== Work task ==
All lines from the one containing "bei Ashlee Simpson gesehen" through the end of the material below are to be printed exactly, both ends included, minus pictures.

*** Block opens ***

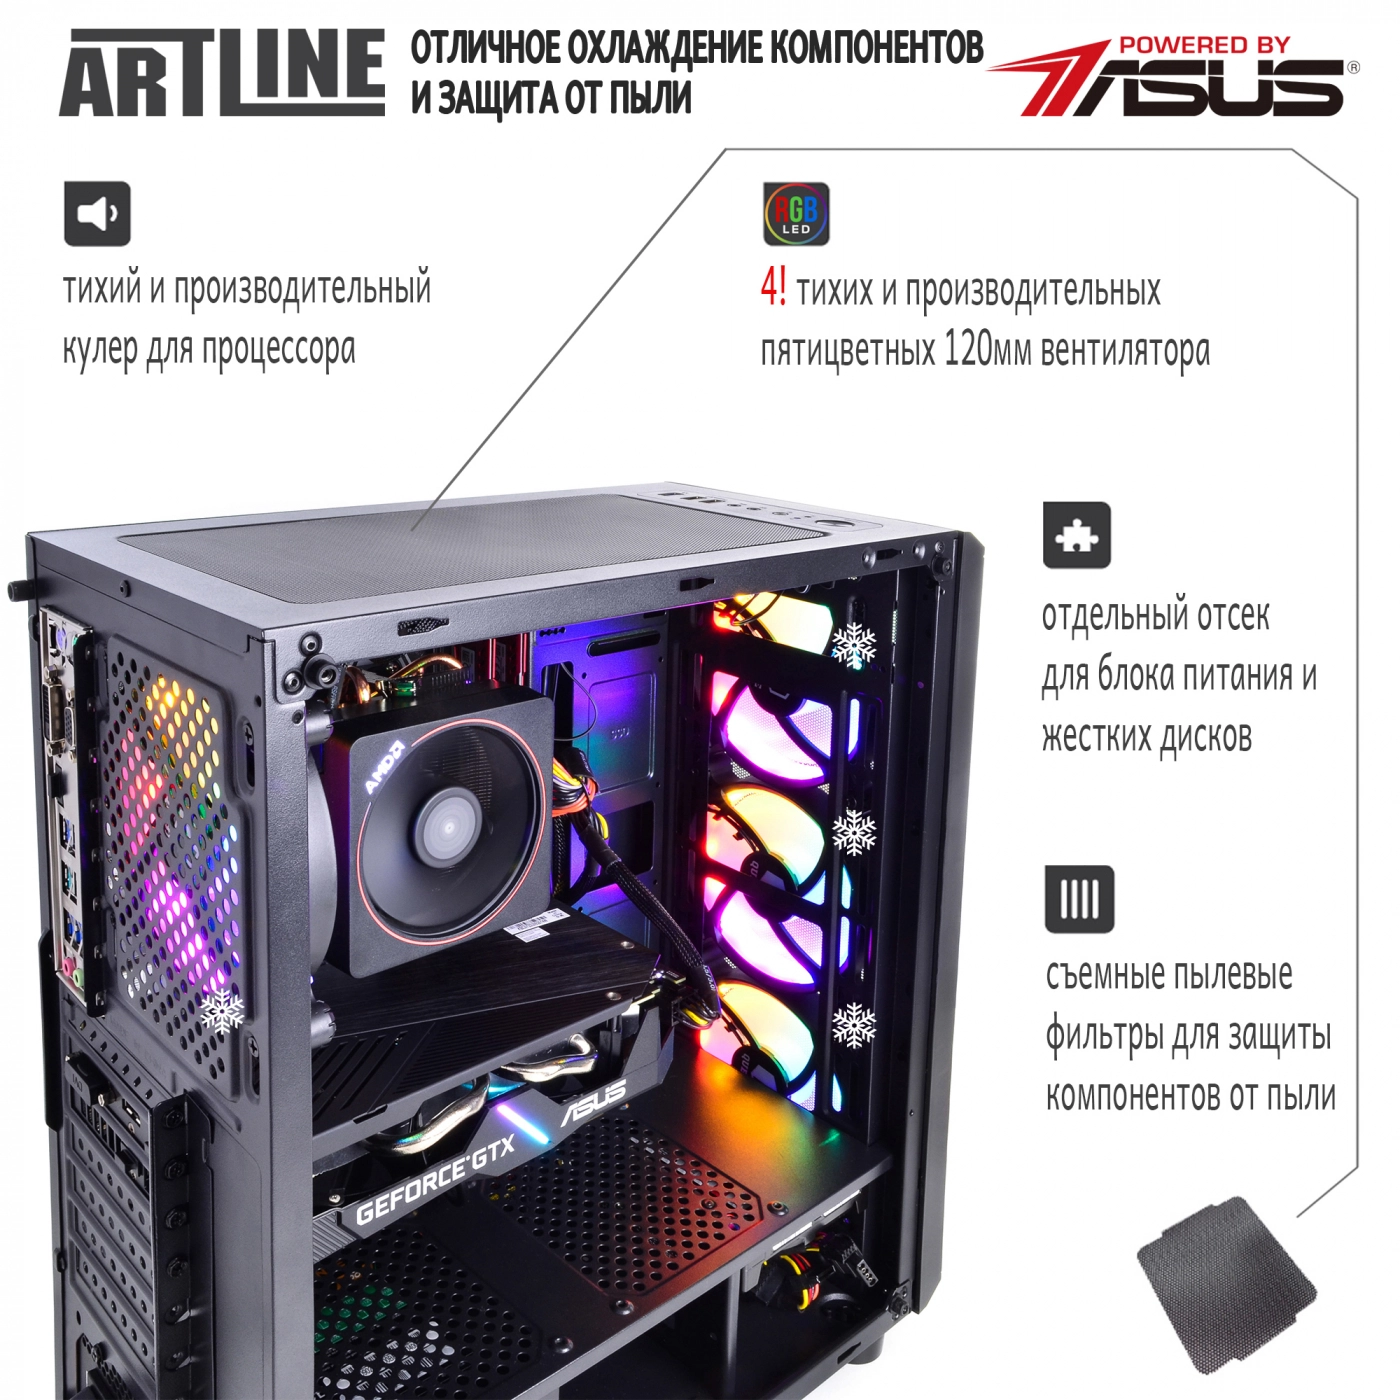 Купить Компьютер ARTLINE Gaming X64v07 - фото 3
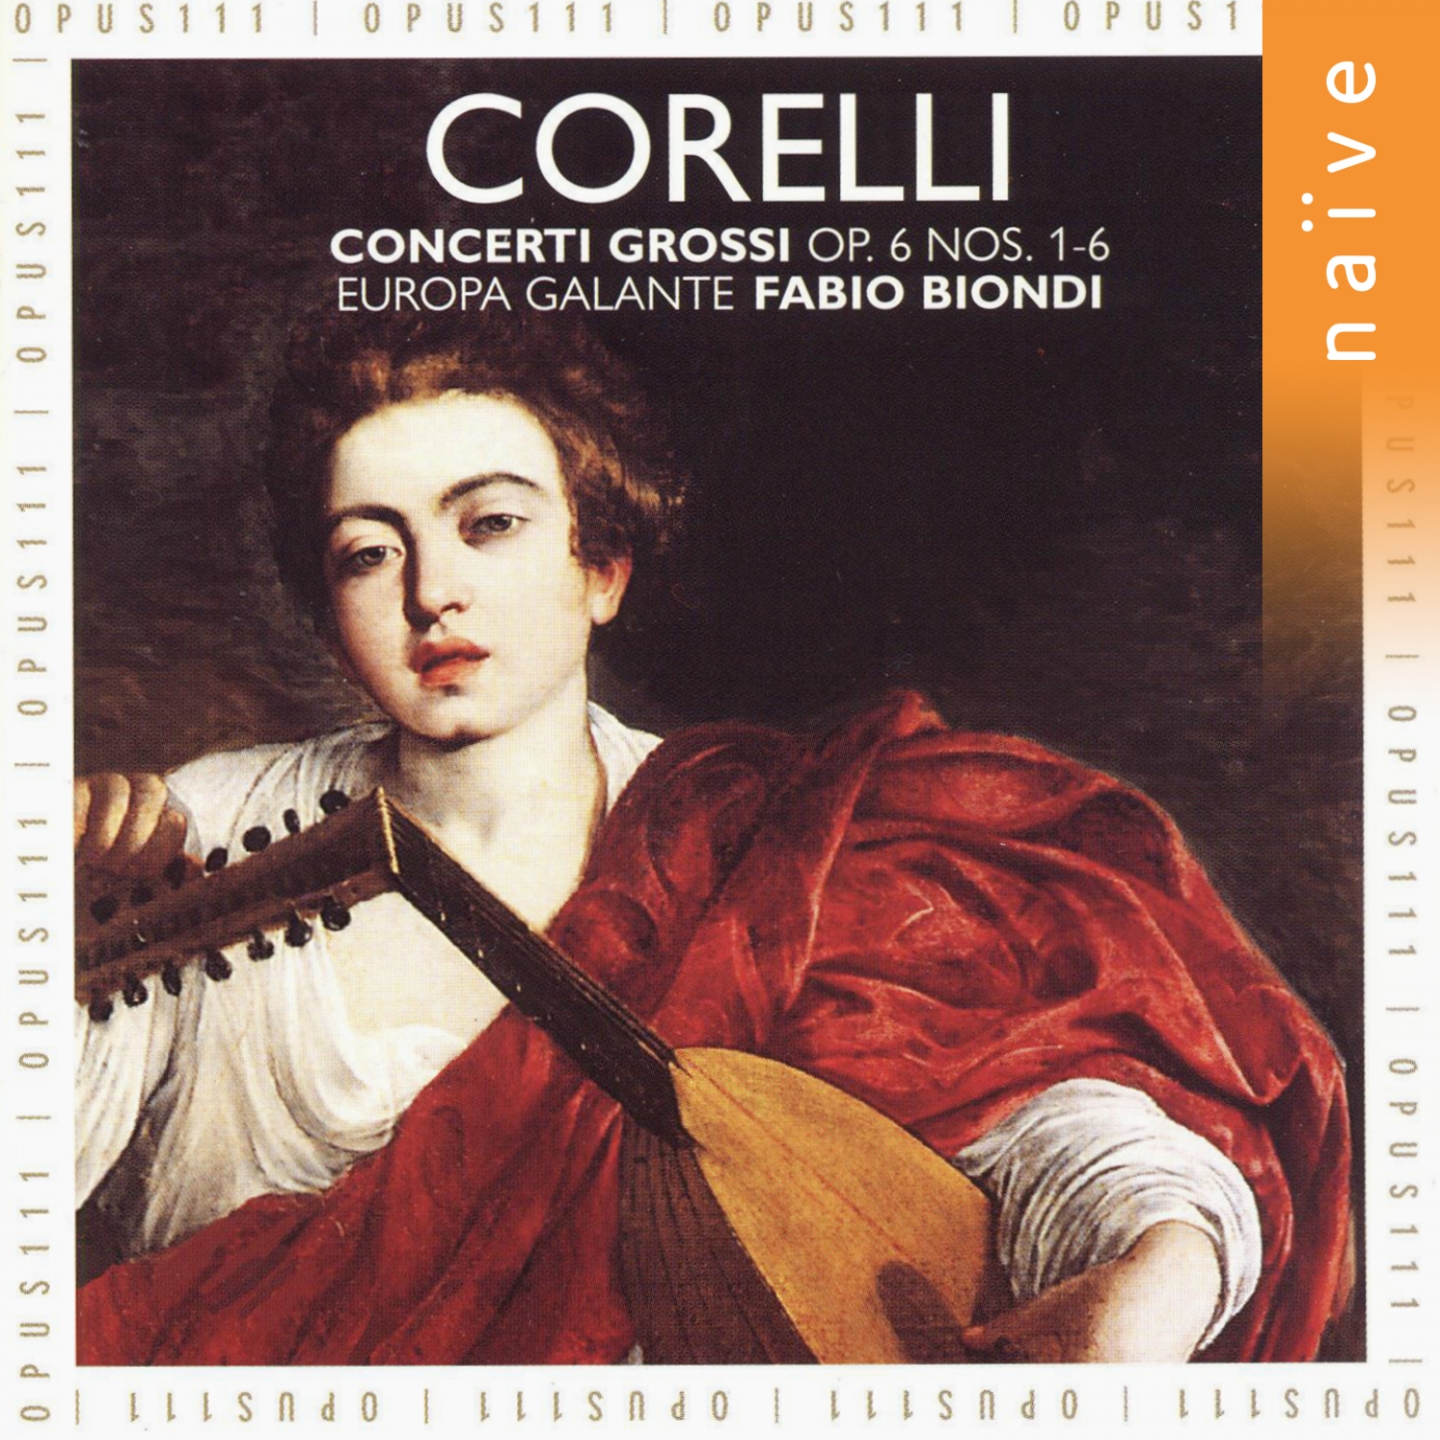 12 Concerti Grossi, Op. 6, No. 5 in B-Flat Major: III. Allegro - Adagio
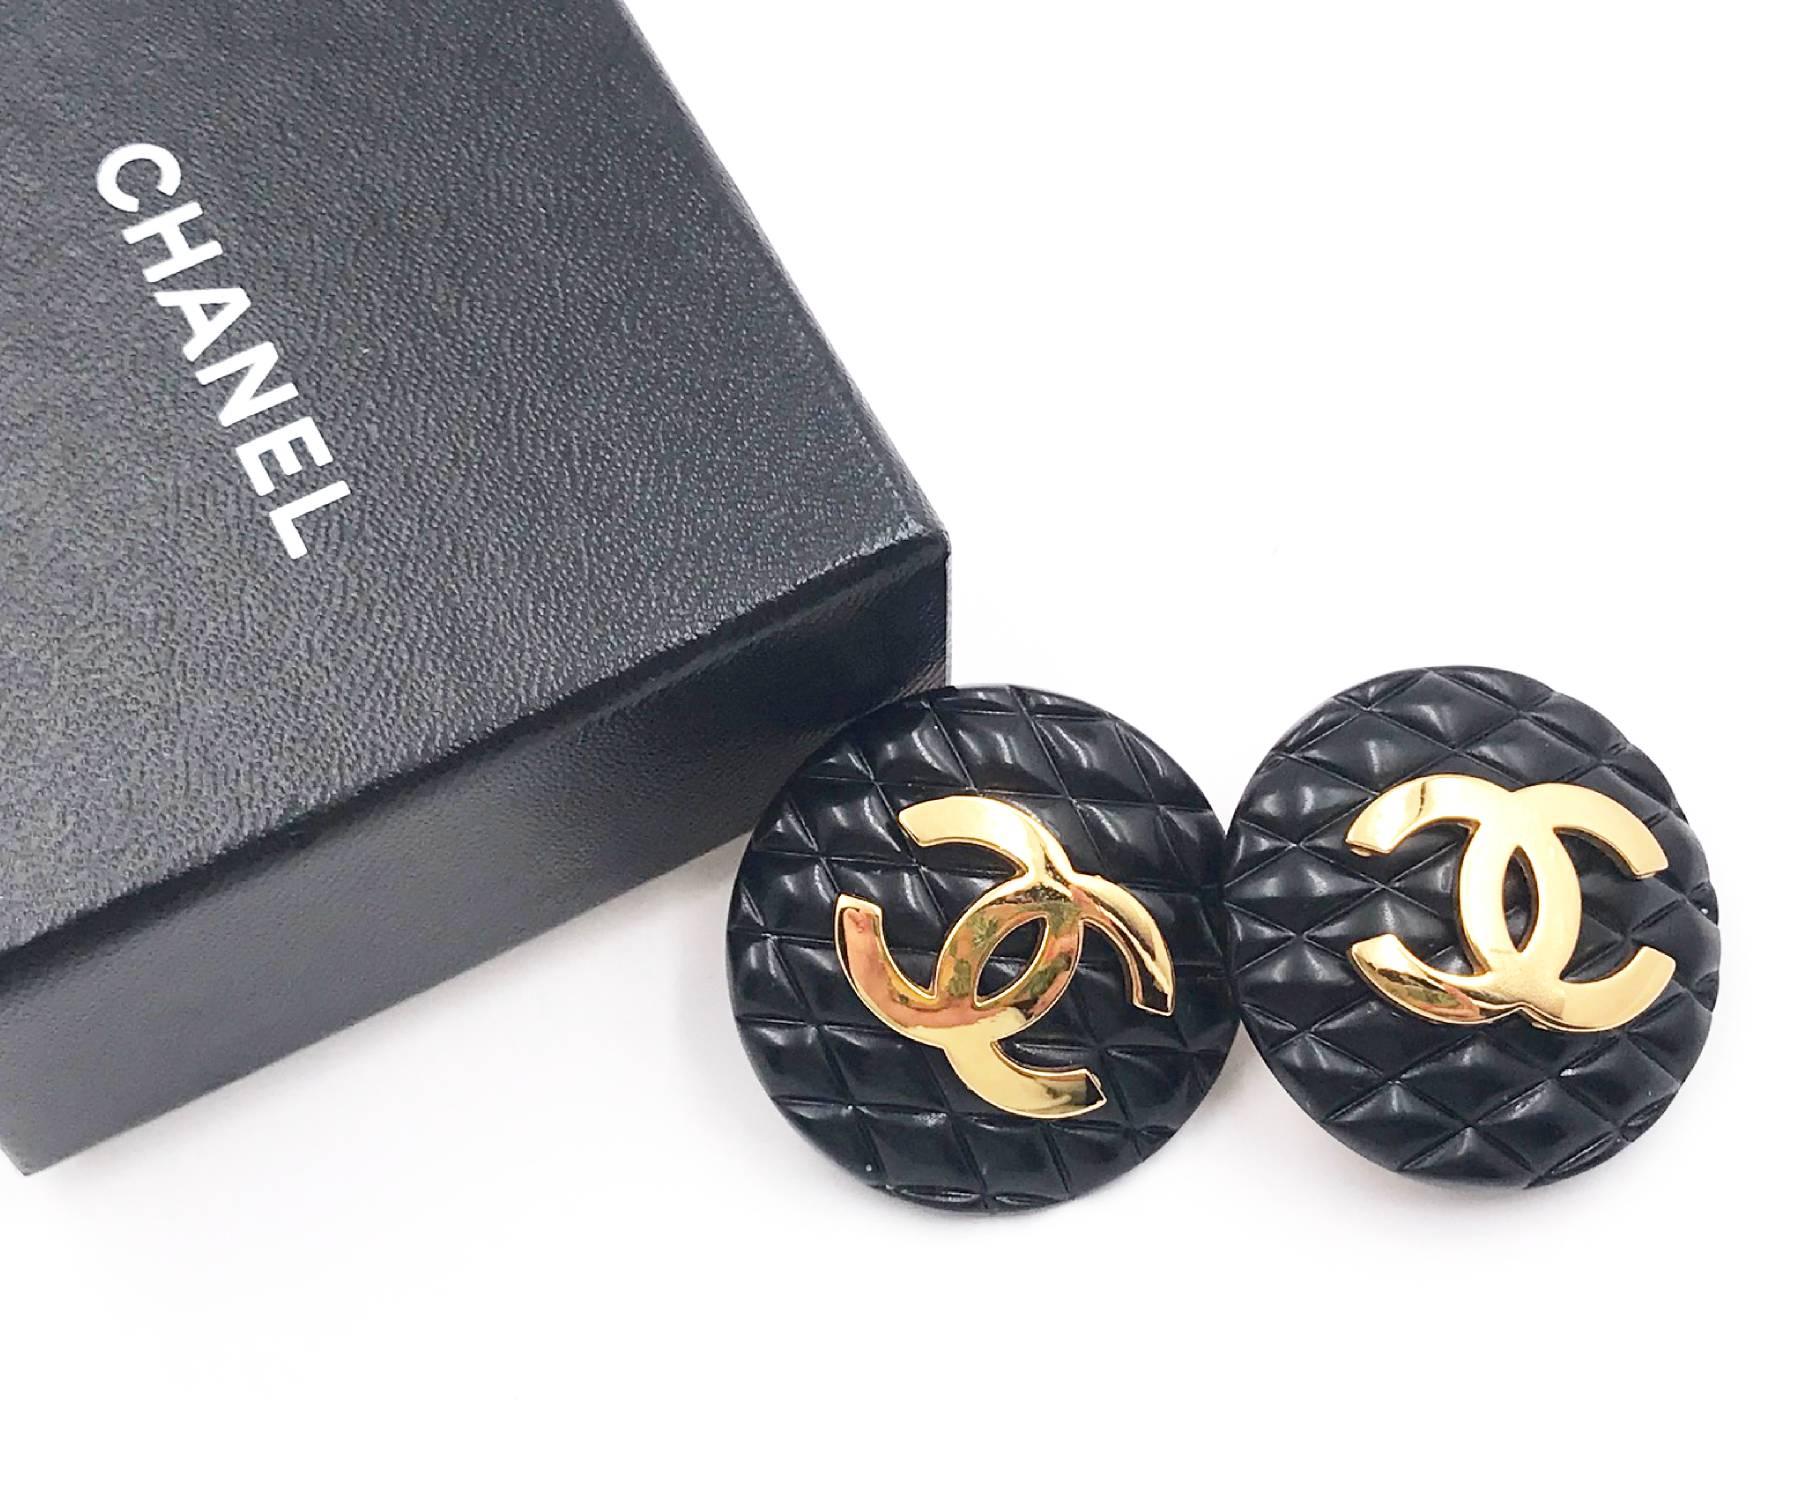 Chanel Rare Classic Black Quilted Gold CC Large Clip auf Ohrringe wie auf Ashlee Simpson gesehen

* Markiert 29
* Hergestellt in Frankreich
*Kommt mit der Originalverpackung und Anhänger
*Wie bei Ashlee Simpson gesehen

-Sie ist ungefähr 1,5
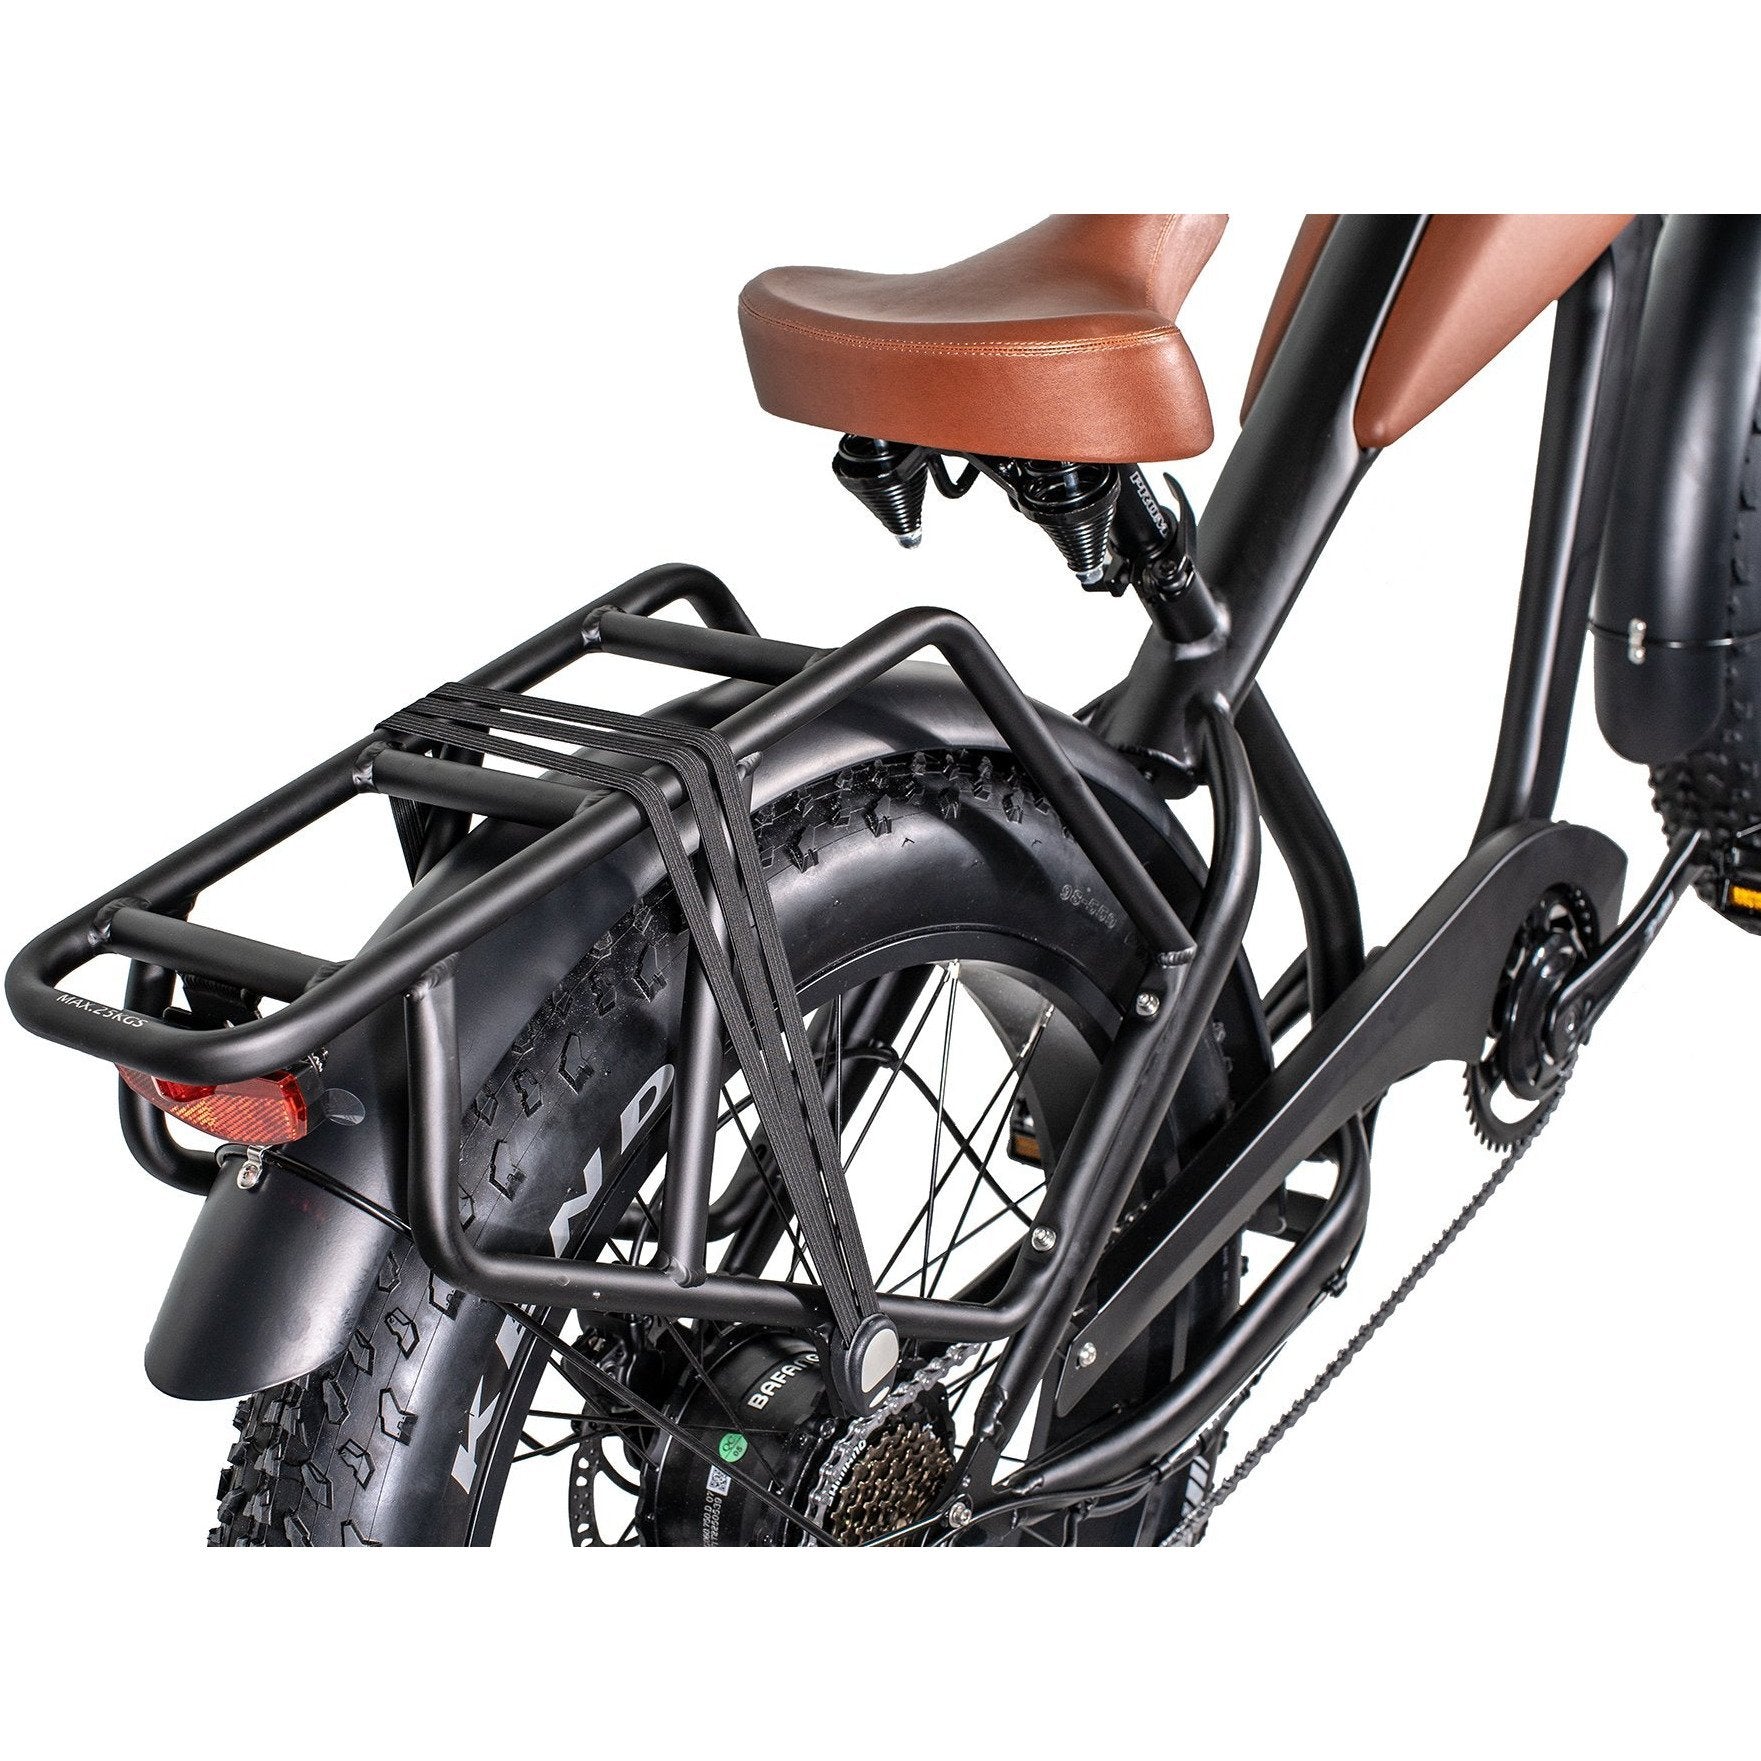 Civi Bikes Accessories Cheetah Rear Rack & Tail Light Cheetah Rear Rack, Fender And Headlight Protector Bundle

*** Block closes ***

== Problem solution ==
*Wie bei Ashlee Simpson gesehen

-Sie ist ungefähr 1,5
 Civi Bikes Accessories Cheetah Rear Rack & Tail Light Cheetah Rear Rack, Fender And Headlight Protector Bundle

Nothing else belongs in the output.